My stack is now up to about 4000 or so (I think), and we are now moving to the next level, with 50/100 blinds. I find 88 in my big blind and defend a 3x raise from the hijack. My early read on him is that he is pretty straightforward, a bit agro, but won’t get too out of line when his stack is at risk. When the flop comes 974 with two diamonds, I decide to ch-raise is 350 chip CB to 900. I think I am probably best here, and if he reraises I will safely dump my hand. He folds, and I am up to 4600 or so. The next orbit in the small blind, I find AQ suited, and I reraise a button raiser from 300 to 900, and he folds. This gets me over 5K.

I feel like I have been pretty active, and I guess I have. I haven’t been too out-of-line, but the table has not known that. Right now, I am feeling super about things. I was a card from being out within 30 minutes, and now I am above average at about 5K.

Unfortunately for me, it was time for my luck to even out after winning a flip earlier. I raised to 300 with 99 from 3rd position, and 5th position pushes for about 1600. I have an easy call with getting 300+300+150+1300=2150 and I have to call 1300 given this is a laggy guy who’s range seems pretty wide. He had AJ and I was a slight favorite until the door card was a jack. This pushed me down to 3500 or so. Fortunately my mindset was still good, and I was thankful that, of the two all in races, I won the race when I was all in and lost when I had 3500 left. I still was above the starting stack, and ready to go back to work.

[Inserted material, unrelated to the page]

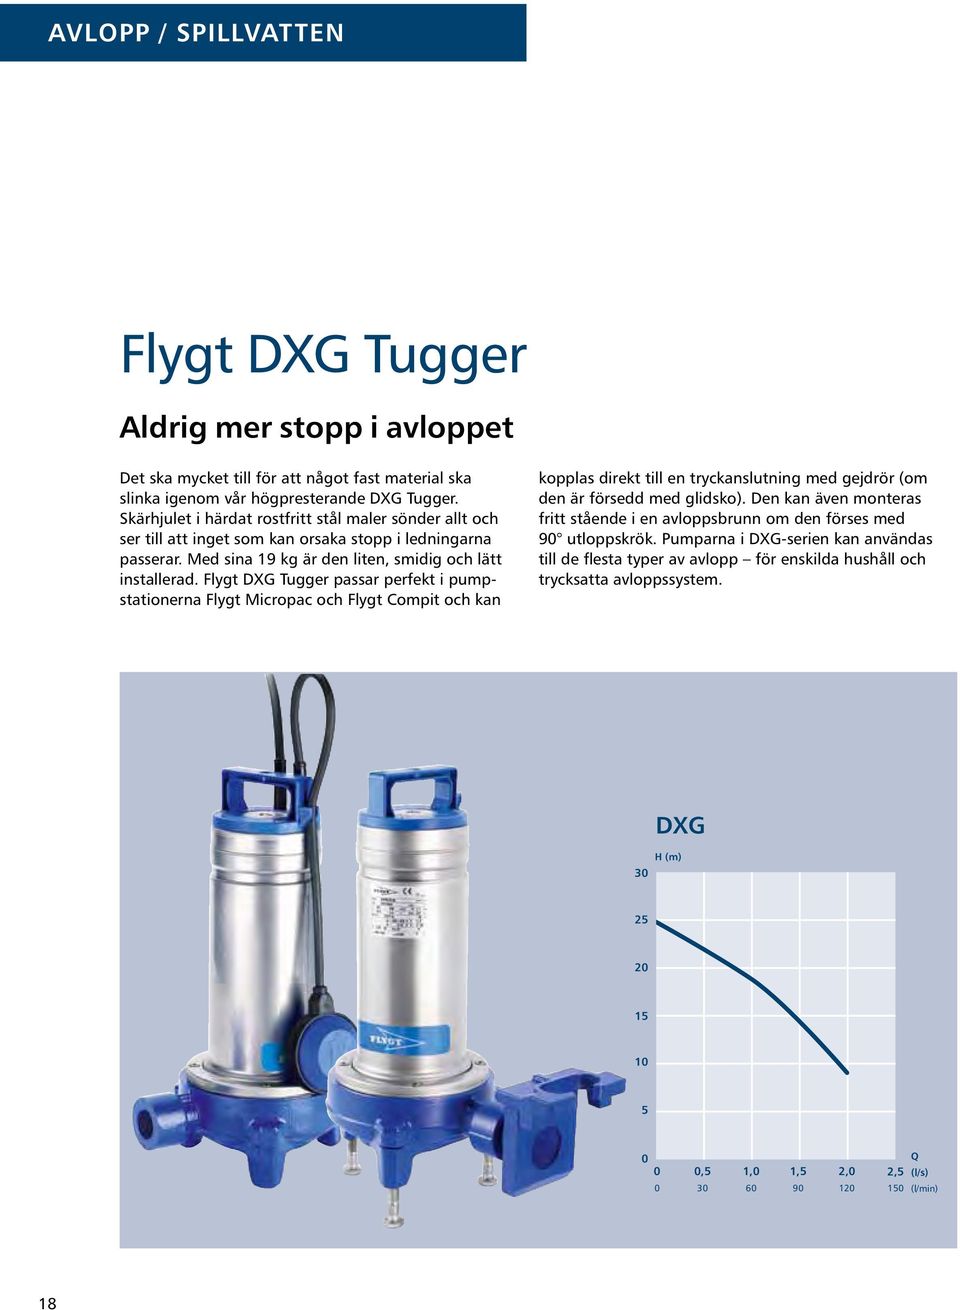 Flygt DXG Tugger passar perfekt i pumpstationerna Flygt Micropac och Flygt Compit och kan kopplas direkt till en tryckanslutning med gejdrör (om den är försedd med glidsko).

I played two hands of note in the last fifteen minutes or so of level two. I cold-called a pre-flop raise to 275 with 22 in the cutoff seat. The effective stacks were about 3500, and I felt I was (barely) getting the implied odds to try to spike a set. Further, with position, sometimes other situations arise to pick up a pot. It didn’t hit, however, and when I was bet into, I folded. With about 13-1 odds, this was a pretty marginal call pre-flop, and might have been a mistake.
One blind steal with 76s, a few hands that I fold, and the first two hours are over. My chip stack at the end of the first two levels is 3375. It could have been a lot worse, so I am happy to be here with this stack. However, blinds are going up to 100/200, so I don’t have time to be patient. I don’t have to go crazy, but need to do some work to accumulate chips.